To confirm the existence of Foxp3 mRNA in macrophages indicated by RNAseq results, we performed highly sensitive RT-PCR. We used Foxp3 primers to amplify within the coding sequence conserved between the four Foxp3 mRNA variants ( Figure 4C ). PCR products were detected at the expected size when using complementary deoxyribonucleic acid (cDNA) generated from positive control TRegs and at a lower extent on some M2 cells sorted from IK tumors ( Figure 4D ). This result confirms the presence of a Foxp3 mRNA coding for the Foxp3 protein in M2 macrophages. Also, we were able detect a very faint band for Foxp3 mRNA in some macrophage cells sorted from BM from IK-tumor bearing mice but not naïve mice confirming our previous FACS analysis ( Figure 2A ). We confirmed this result with Western blot analysis ( Figure 4E ), suggesting the presence of Foxp3-expressing macrophages in other organs in context of the tumor being present. Finally, we detected Foxp3 mRNA in Renca tumor cells from an in vivo IK solid tumor isolated using FACS based on expression of the Cherry fluorochrome ( Figure 4D ). However, this observation was not confirmed at a protein level using Western blot and flow cytometry ( Figure 4E, F ).

Discussion

In the present study, we identified Foxp3, a transcription factor usually expressed in TRegs, in kidney tumor-associated macrophages. We provide evidence of Foxp3 expression at the protein level using antibody-based detection techniques. Two different antibodies, available commercially, with non-overlapping epitopes on the Foxp3 protein (clone FJK-16S AA75-AA125 and clone NRRF-30 AA1-AA75), recognise Foxp3 in Renca tumor infiltrating macrophages, mainly in the M2 population. In addition, a protein blast between sequence AA1 to AA125 of Foxp3 protein and the entire UniProt database from multiple animal species (NCBI Blast: Protein Sequence) did not identify any significant homology between other proteins and AA1 to AA125 of the Foxp3 protein. Finally, Foxp3 protein was not observed in myeloid cells other than macrophages, supporting the idea of a specific Foxp3 protein detection in tumor-associated macrophages.

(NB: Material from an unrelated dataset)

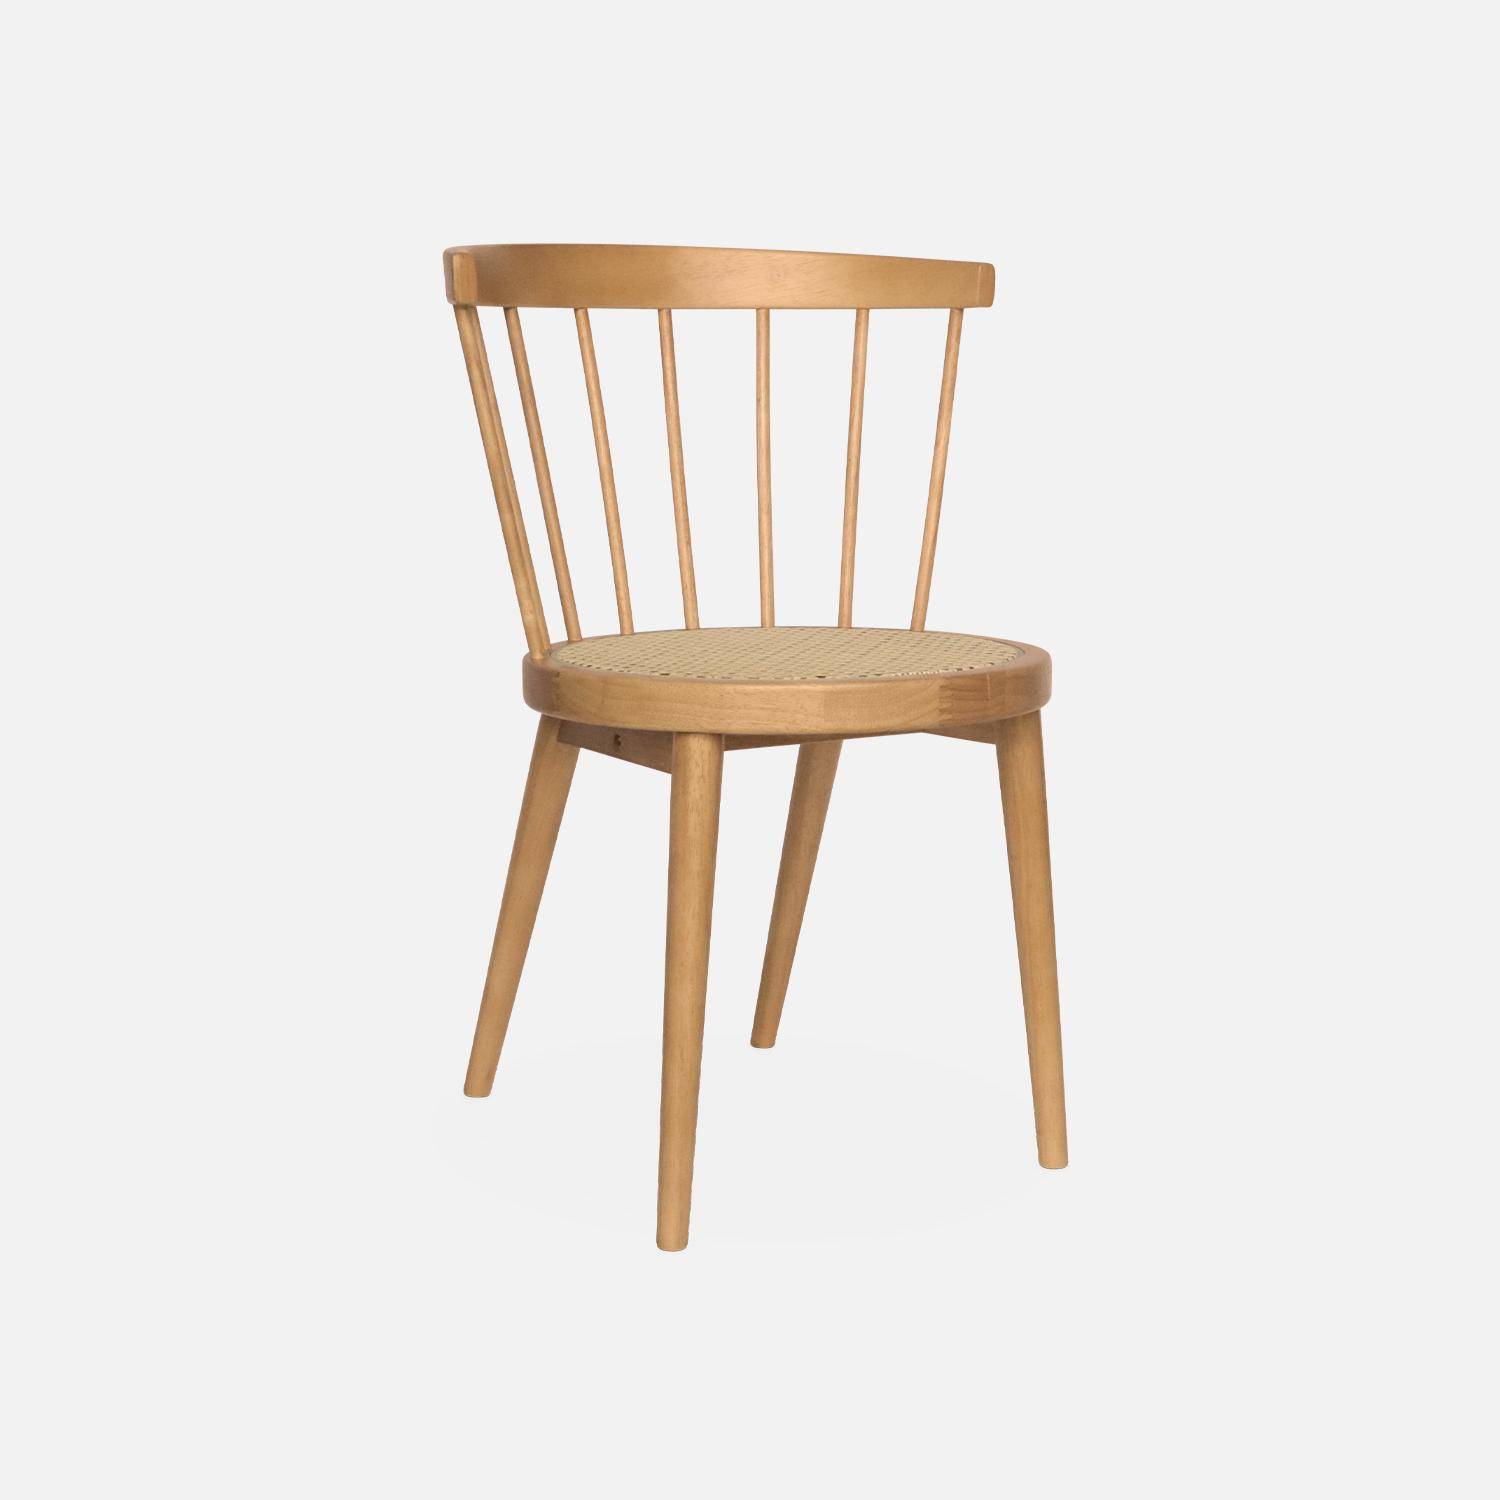 Pair of  Wood and Cane Chairs, Bohemian Spirit, Natural, L53 x W53.5 x H 6 cm,sweeek,Photo5

Surprisingly, we identified that the Foxp3 protein present in macrophages, exhibited a molecular weight of approximately 65 KDa, higher than the 54 kDa normally expected. We hypothesise that this apparent larger size of the Foxp3 protein may involve some post-translational modifications. Indeed, some post-translational modifications such as ubiquitination or sumoylation, that often occur on transcription factors [18], [19], could potentially explain the extra 10 to 15 kDa of Foxp3 in the macrophages.

The initial JEM retracted article described the expression of Foxp3 in macrophages infiltrating various organs in a naive context [20]. The controversy concerning expression of Foxp3 in cells other than Treg continued in other studies, but the tumor setting was minimally investigated [11], [12]. In line with these two latest studies, we did not detect Foxp3 in macrophages from naive spleen, BM and kidney. However, when we investigate a Renca kidney tumor setting, we detected Foxp3 expression in macrophages infiltrating the tumors.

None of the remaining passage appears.